[Start of Attachment]

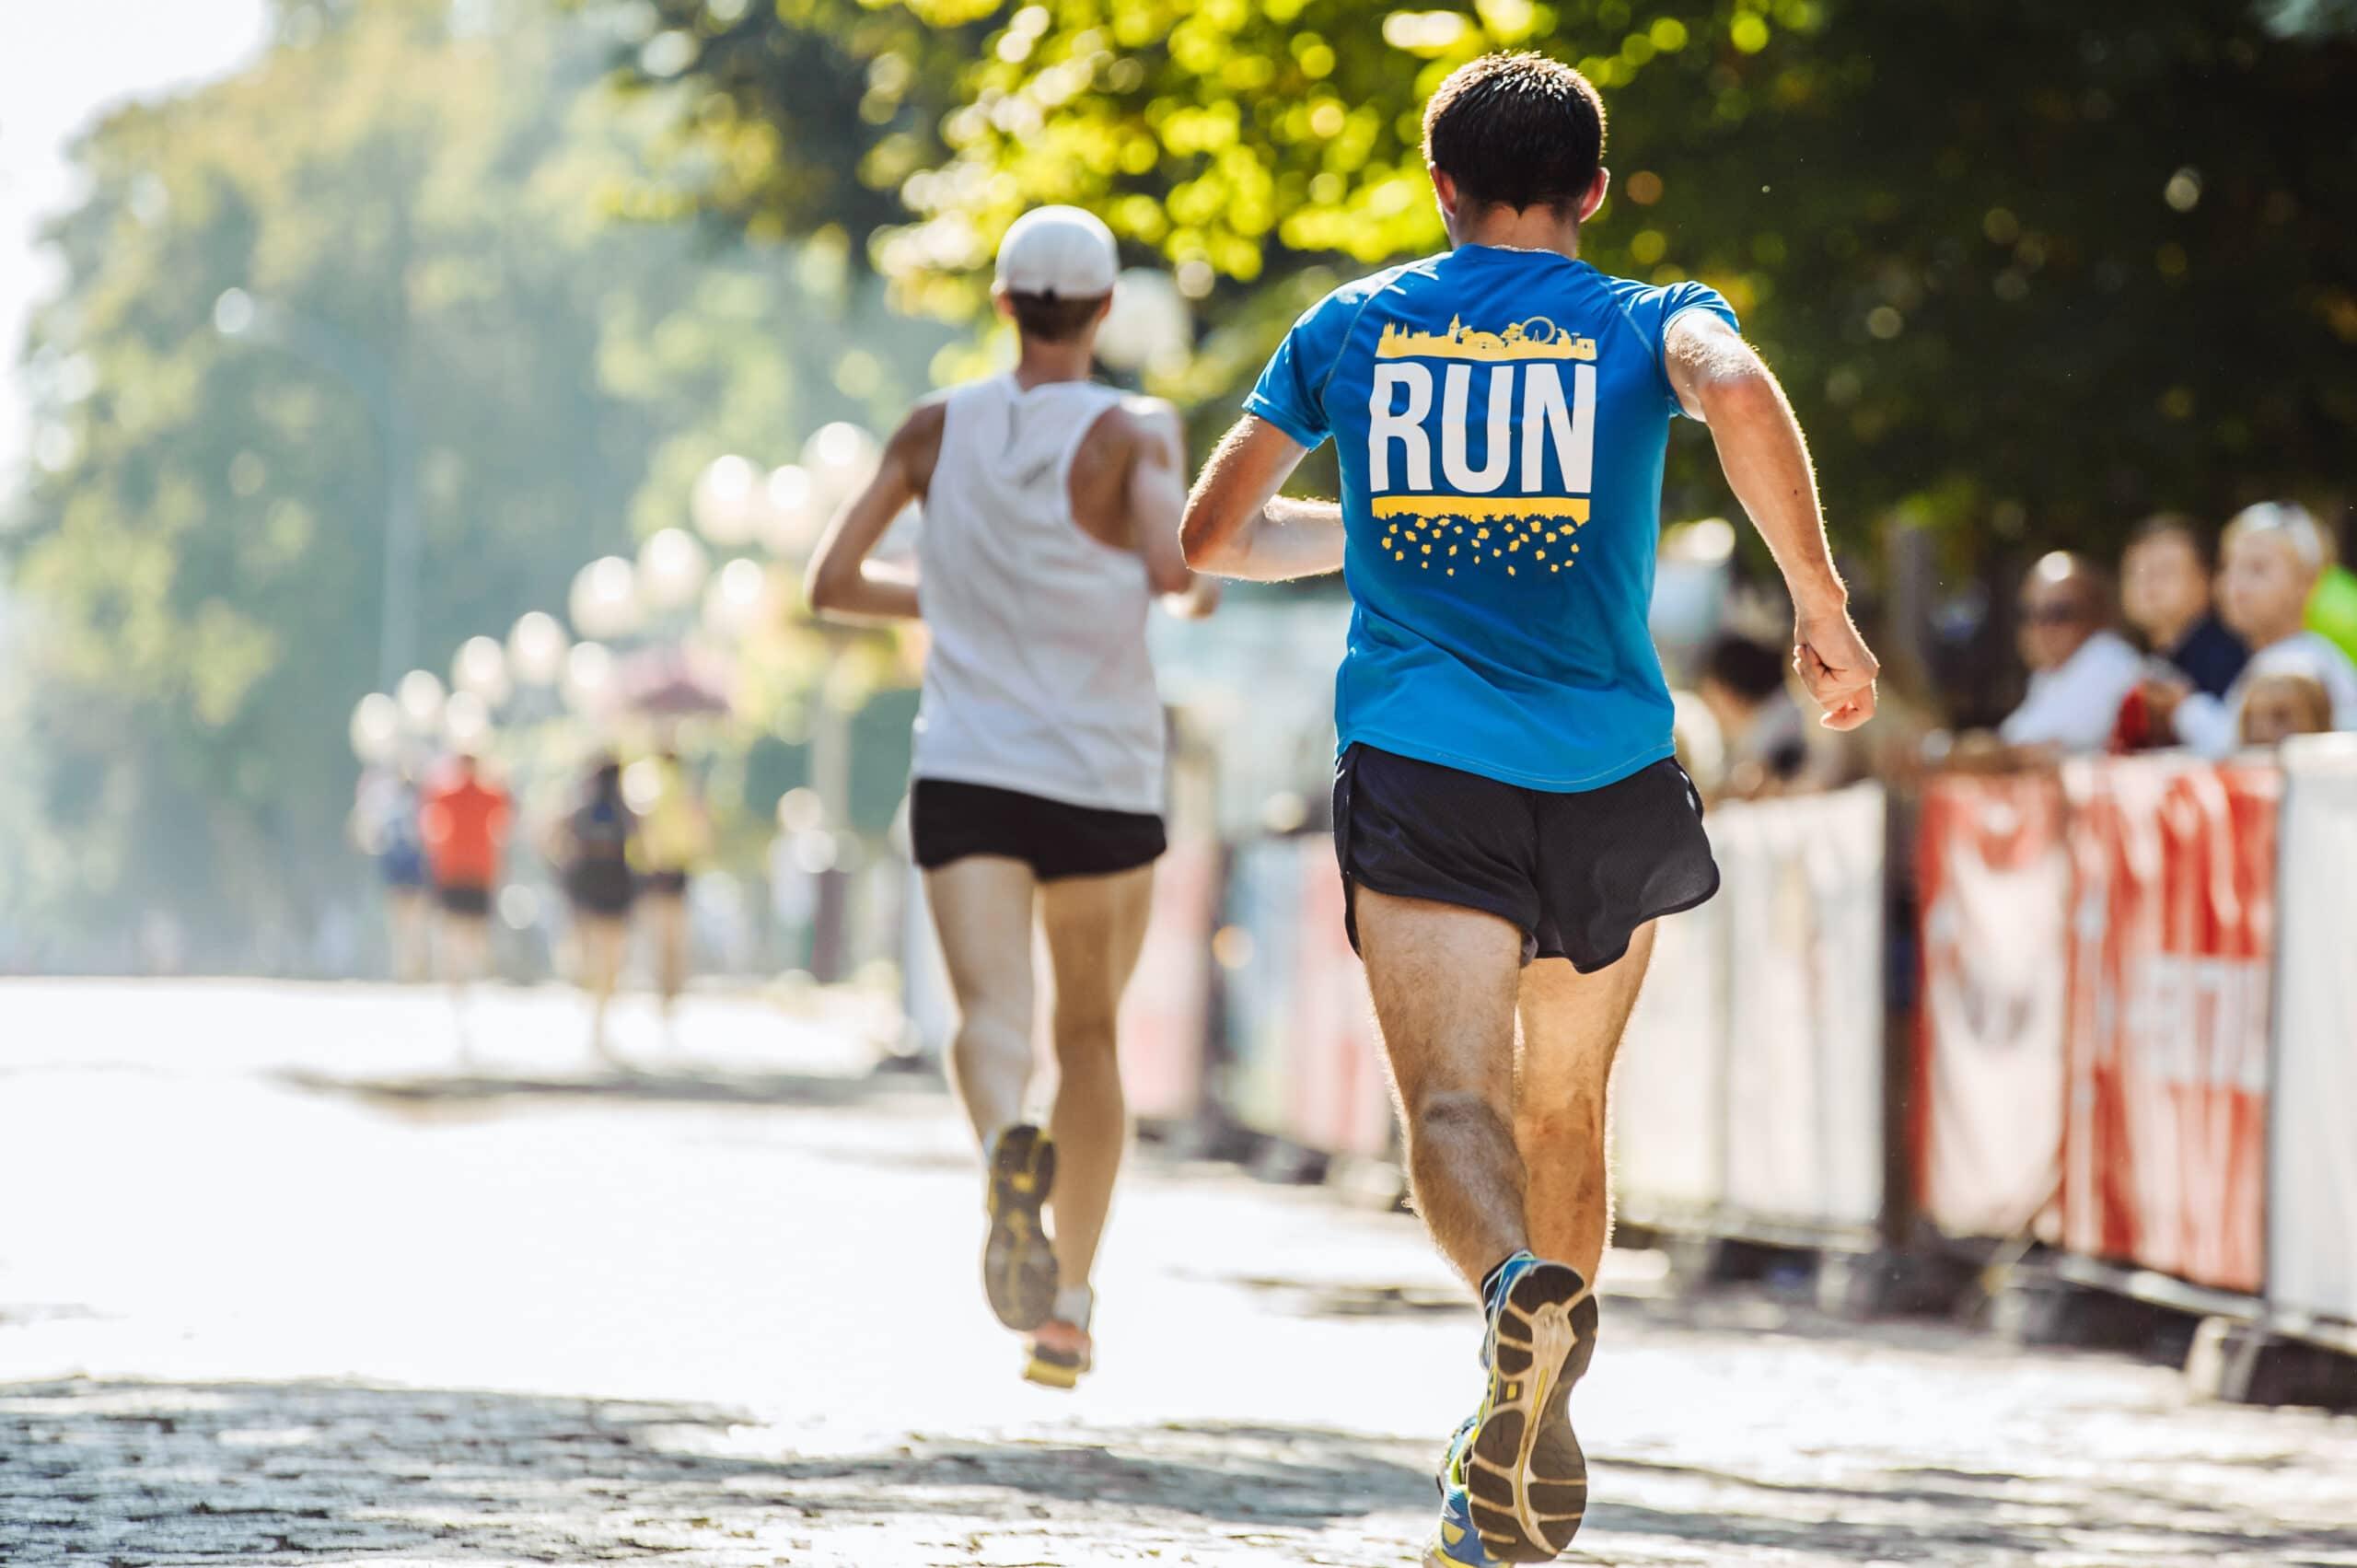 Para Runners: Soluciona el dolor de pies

[End of Attachment]
[Start of Attachment]

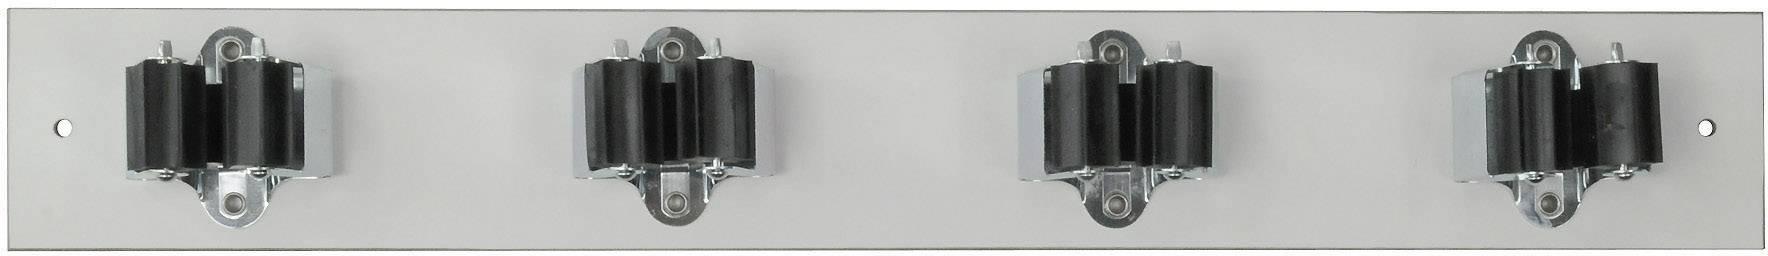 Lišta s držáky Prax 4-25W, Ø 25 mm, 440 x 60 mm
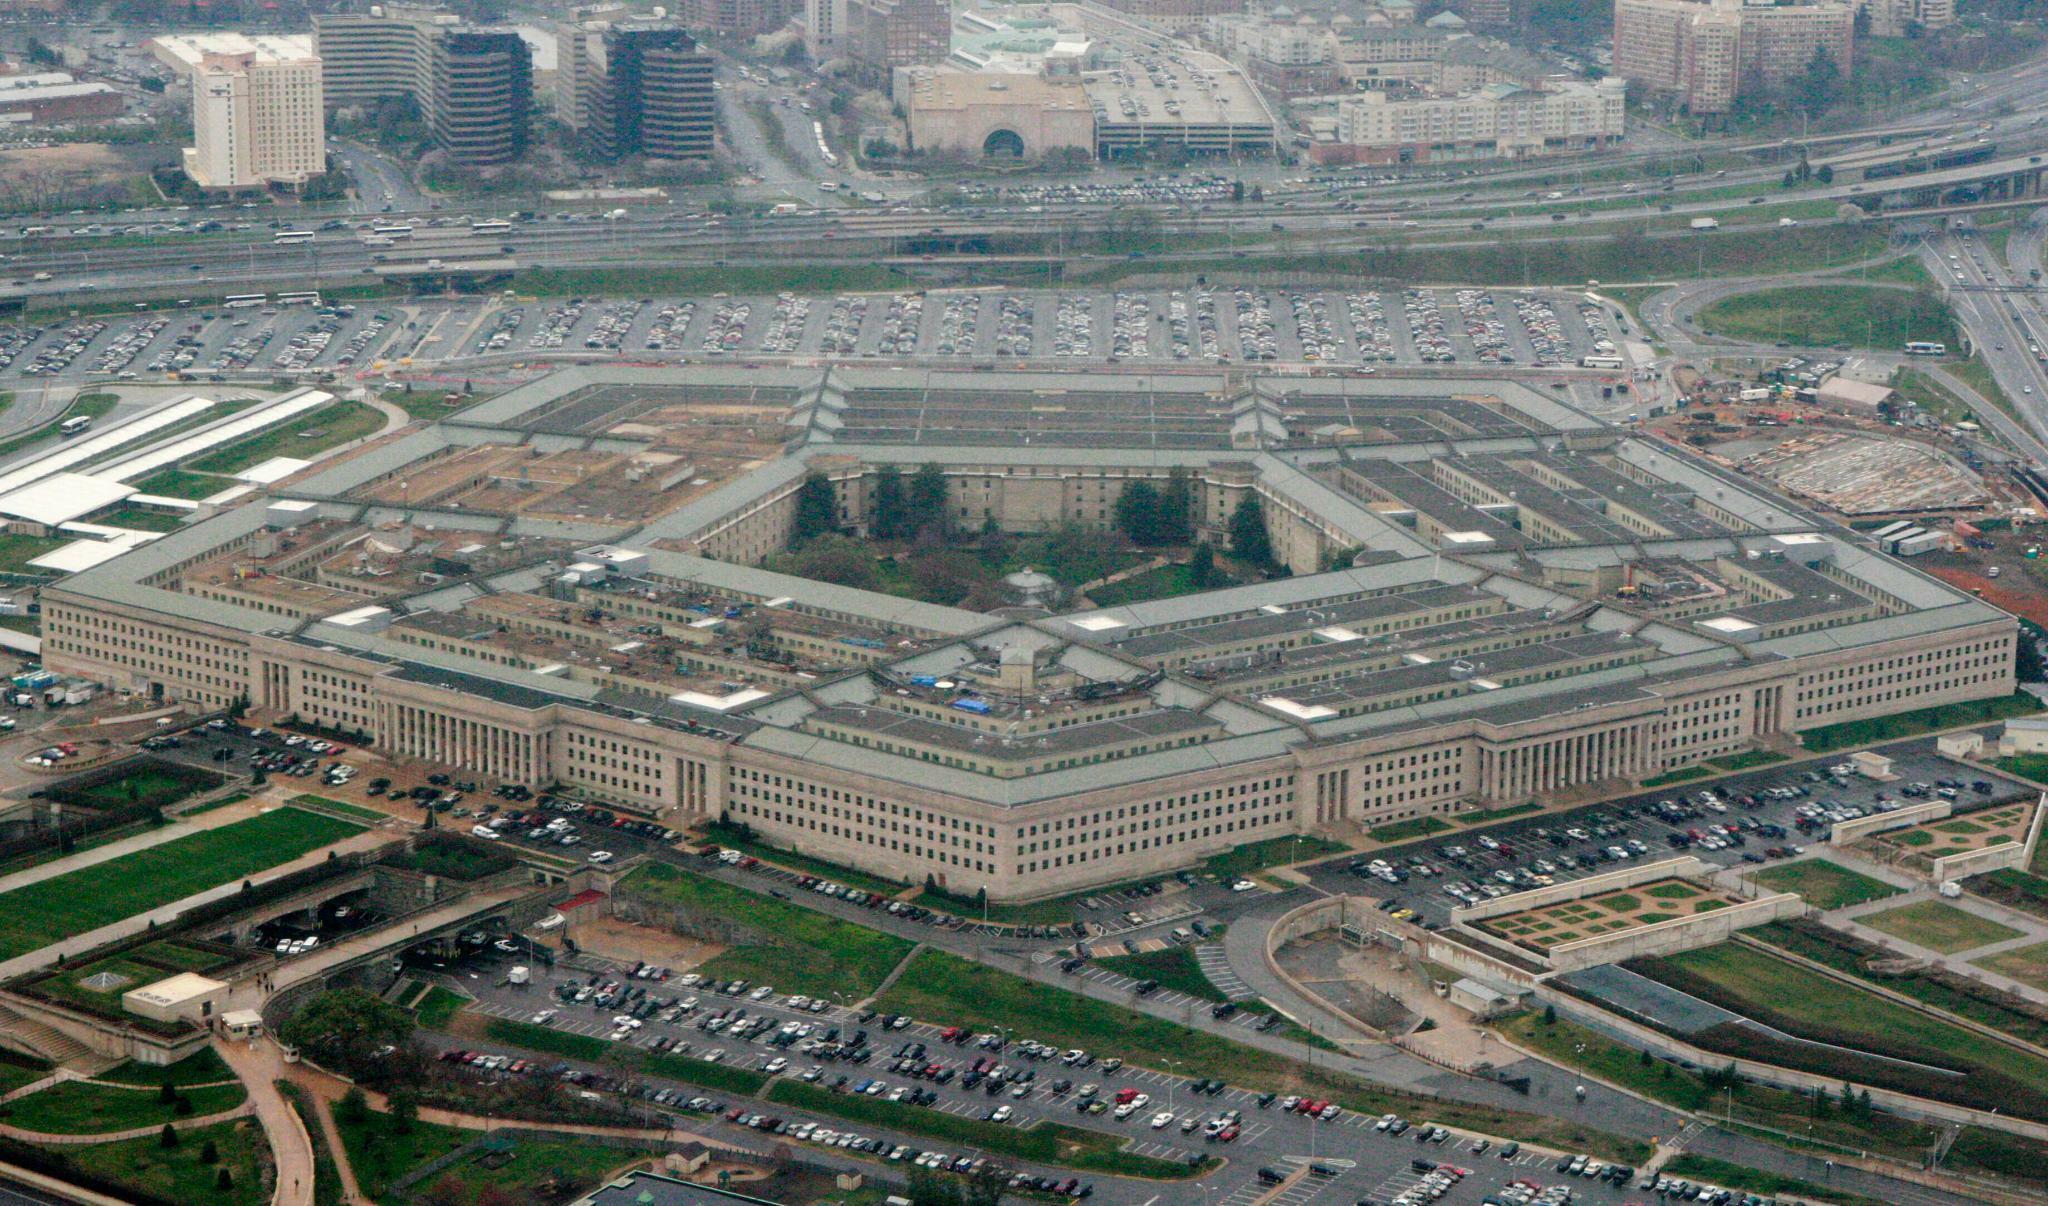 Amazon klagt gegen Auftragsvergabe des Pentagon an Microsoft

[End of Attachment]
[Start of Attachment]

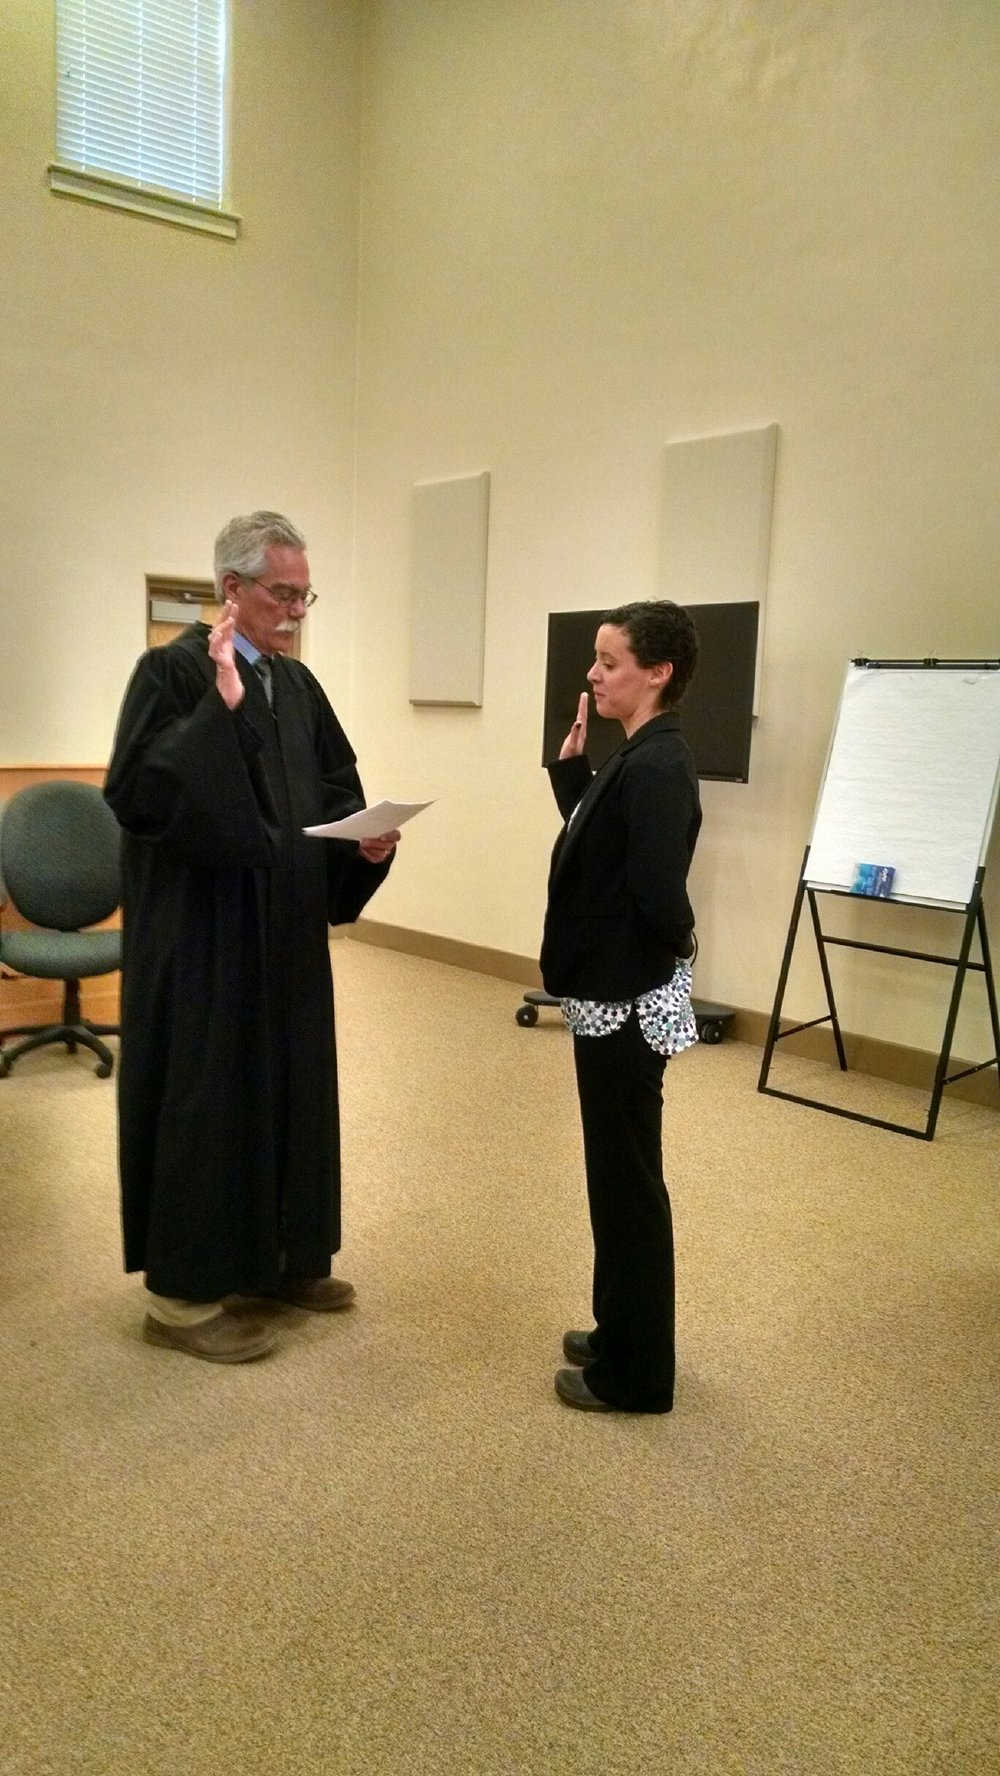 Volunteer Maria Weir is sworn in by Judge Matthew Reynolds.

[End of Attachment]

* [Goal of the exercise]: Which part of the entries opens with the line containing "Lišta s držáky" and closes with the line containing "Amazon klagt gegen"? Output that part exactly, ends included, pictures excluded.

* [Answer to the exercise]:
 Lišta s držáky Prax 4-25W, Ø 25 mm, 440 x 60 mm
 Amazon klagt gegen Auftragsvergabe des Pentagon an Microsoft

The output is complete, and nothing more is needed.